Notice and Cure Period
PAGA requires that claim notices, responses, and certain court documents be filed with the LWDA. Notice Letters are submitted pursuant to PAGA, which authorizes current and former employees to file state-wide, representative actions on behalf of themselves and similarly situated employees.
Some alleged violations can be cured. Under PAGA, a defendant company has 33 days from the postmarked date of the notice to cure these alleged violations of the Labor Code. If these violations can be cured within the 33-day period, the claims can be barred. If these violations are not cured, the Plaintiff-employee may initiate a lawsuit under PAGA. Because of this limited cure period, companies need to be alert to receipt of the notices and contact employment counsel quickly.
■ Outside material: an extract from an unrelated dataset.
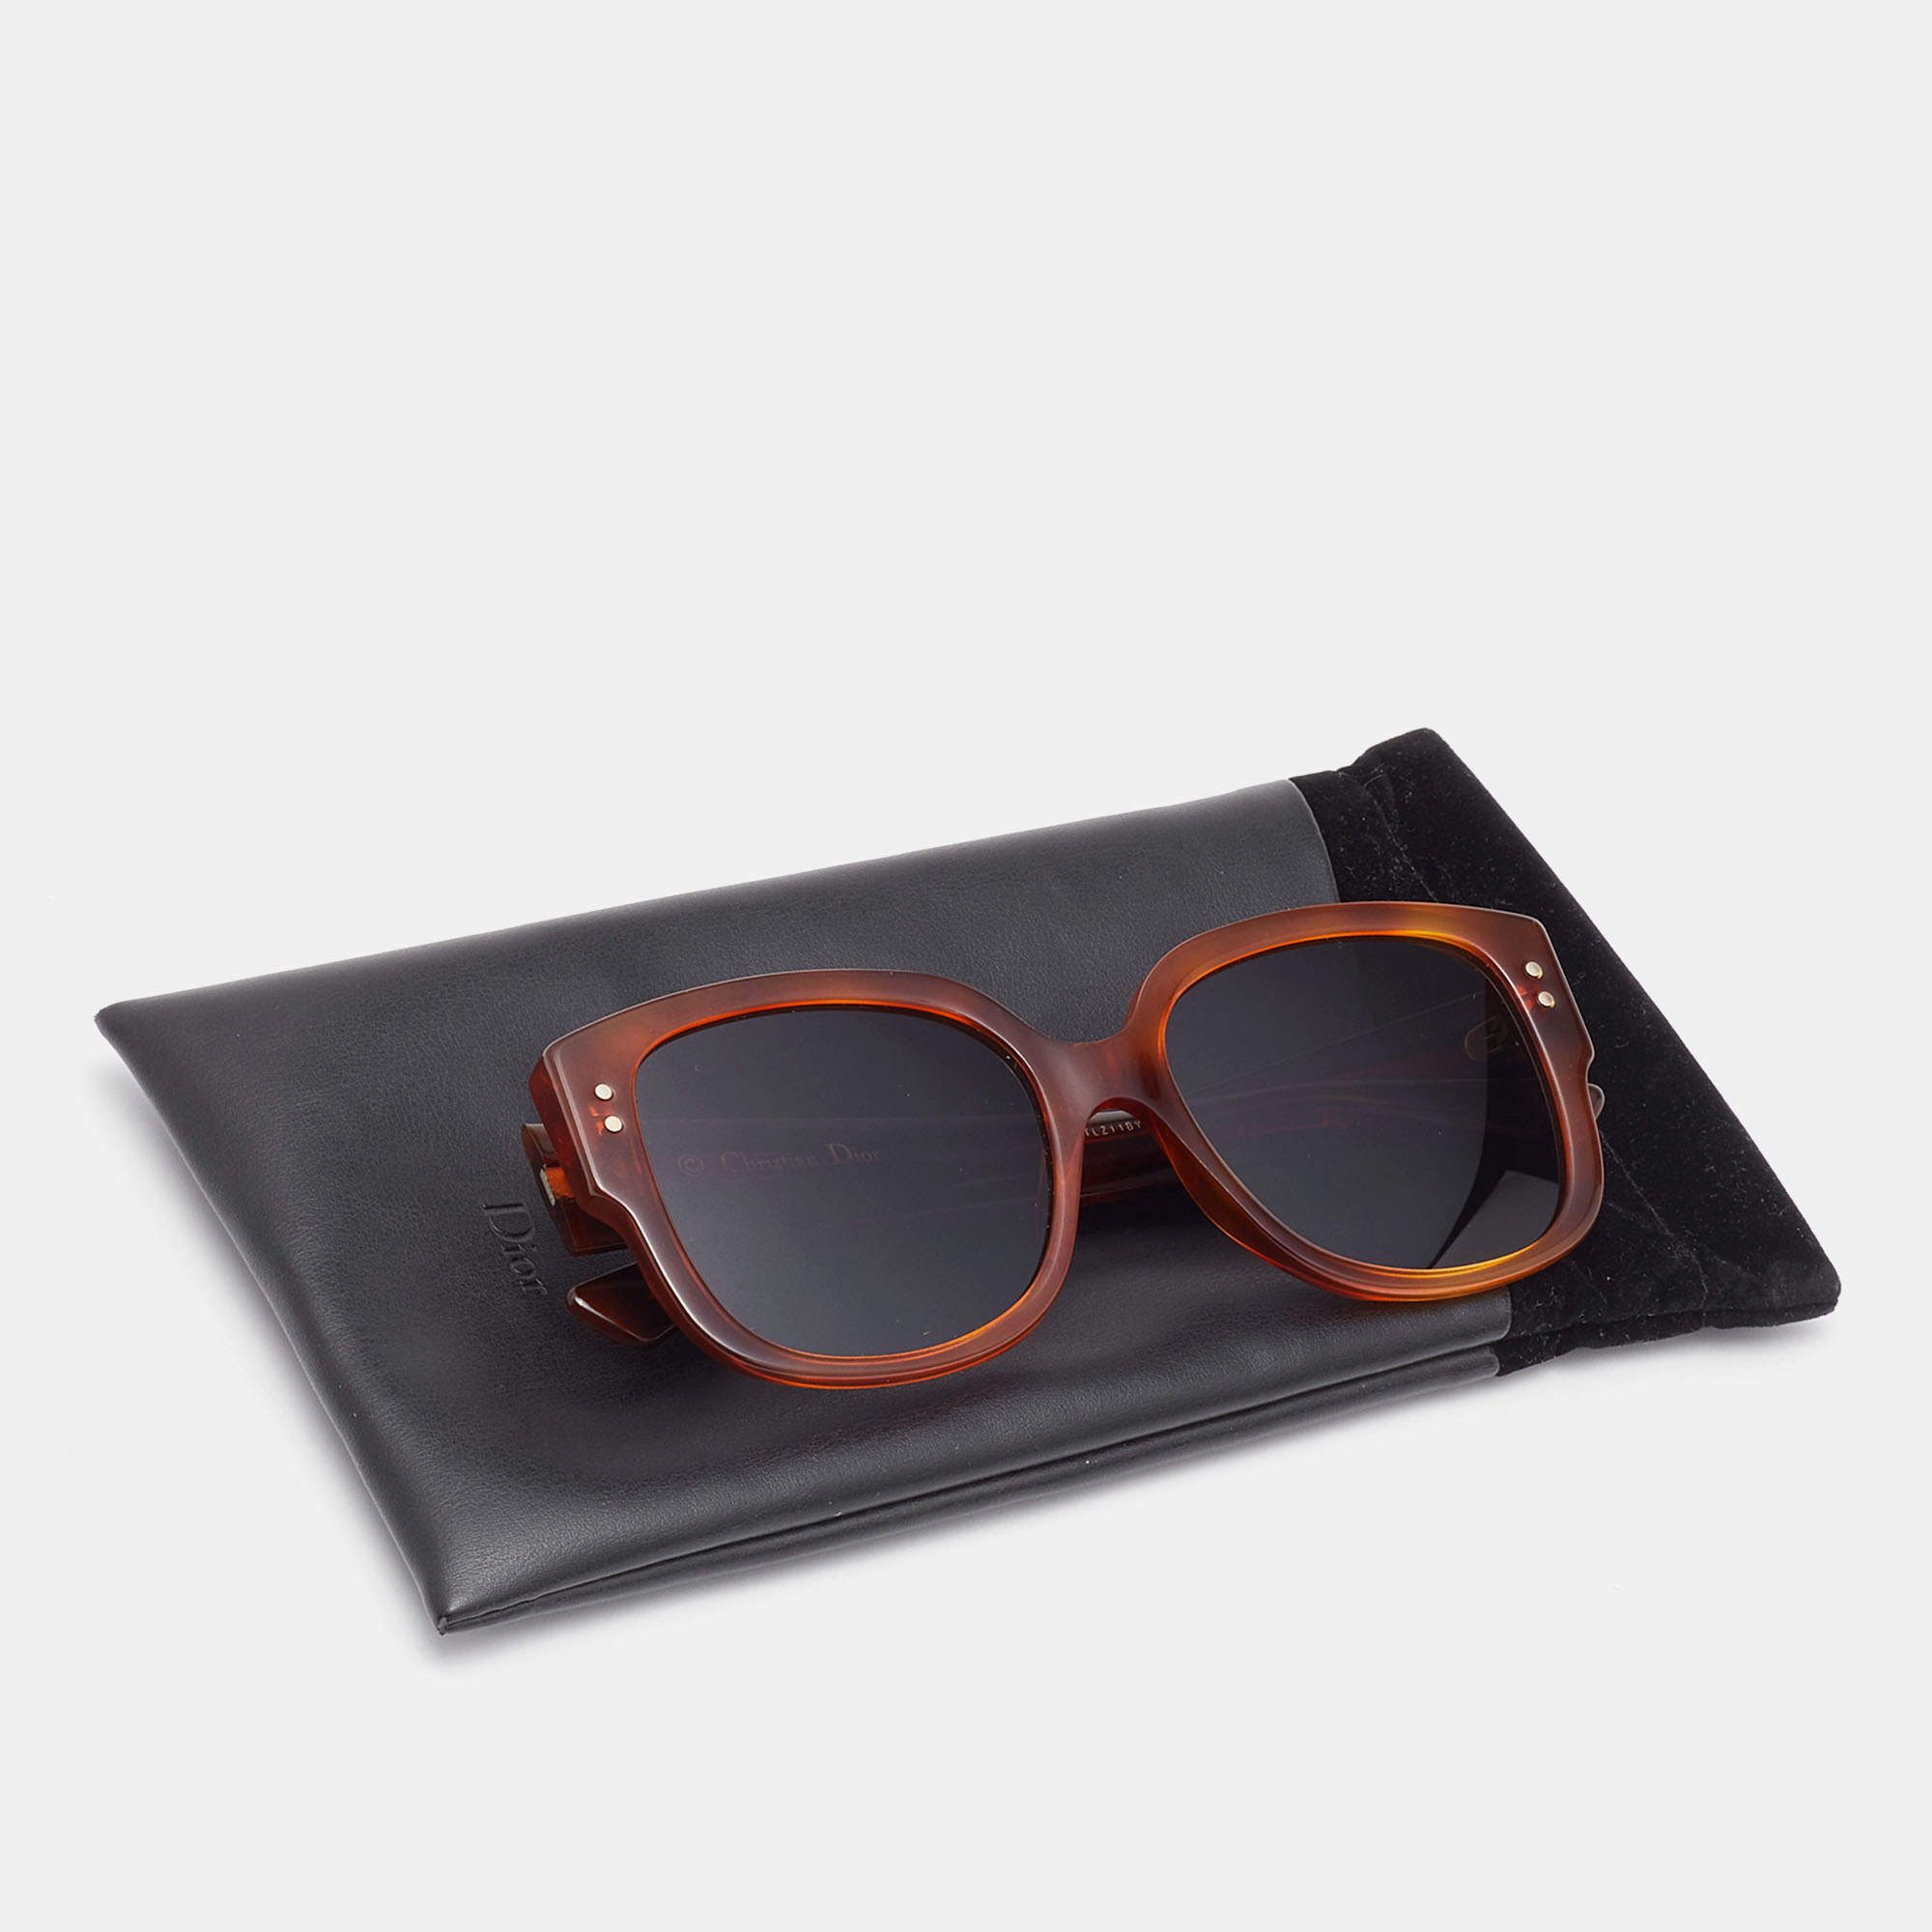 Dior Lady Dior Studs Sunglasses in Brown
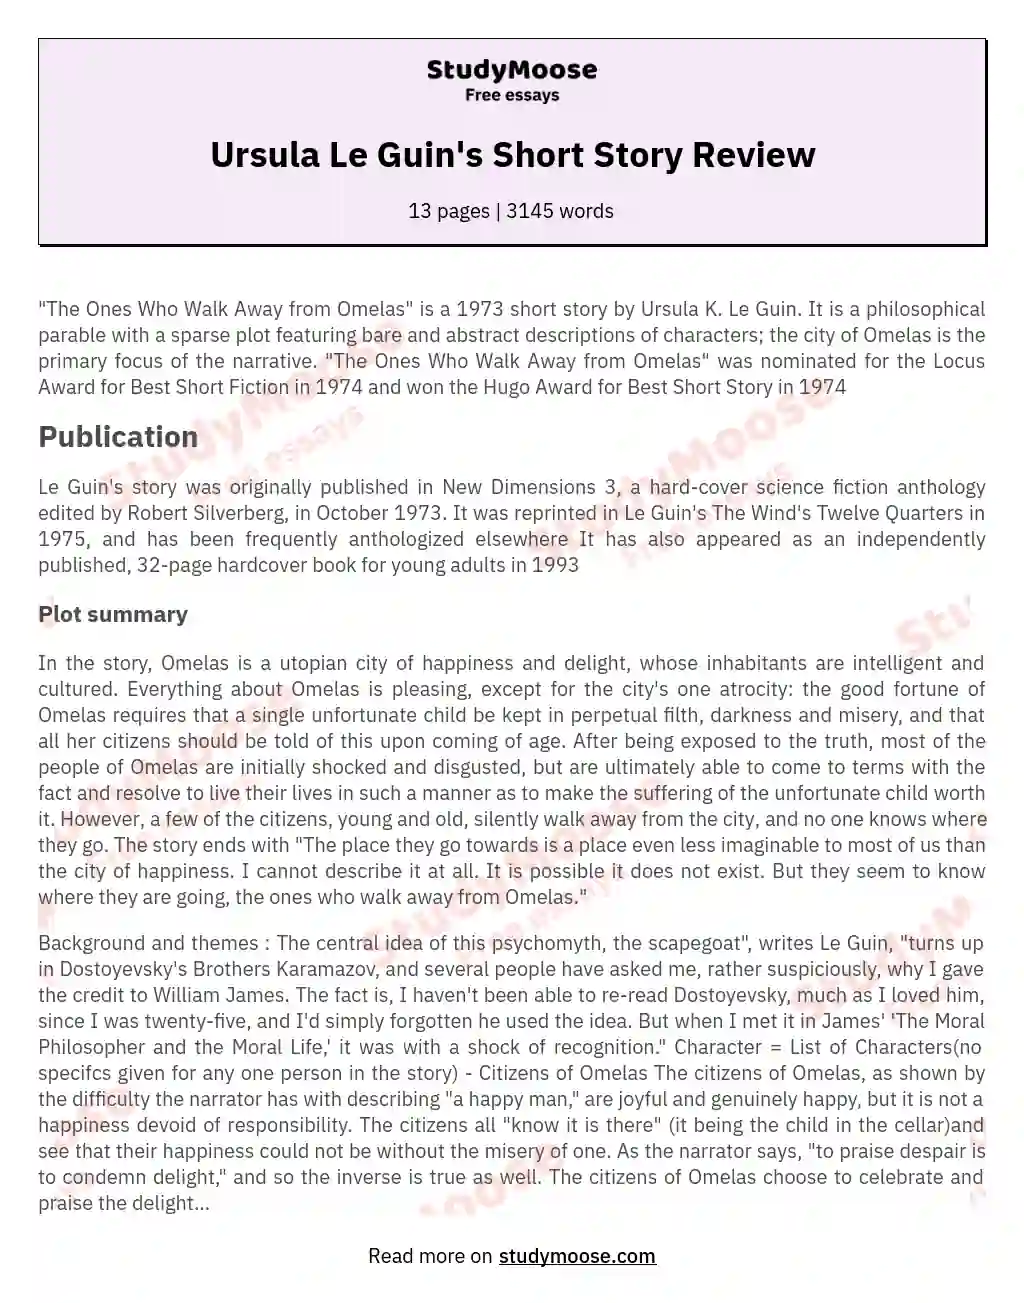 Ursula Le Guin's Short Story Review essay

Otherwise, as to other alleged violations of the Labor Code, a Plaintiff may initiate a lawsuit under PAGA once 65 days have elapsed from the filing of the notice with the LWDA.
Things Employers Should Do to Protect Themselves
Conduct Wage and Hour Audits: Employers may be hesitant to conduct audits for a variety of reasons. However, with the threat of collective actions like PAGA, employers must discover problems before a claim is brought.
Review company policies and procedures: Ensuring the company has compliant policies can potentially reduce claims but also assist in the defense of the company if claims are brought.
Ensure wage statements and time-keeping systems are compliant: As relatively small issues could potentially cost the company millions of dollars when multiplied across all “aggrieved employees.”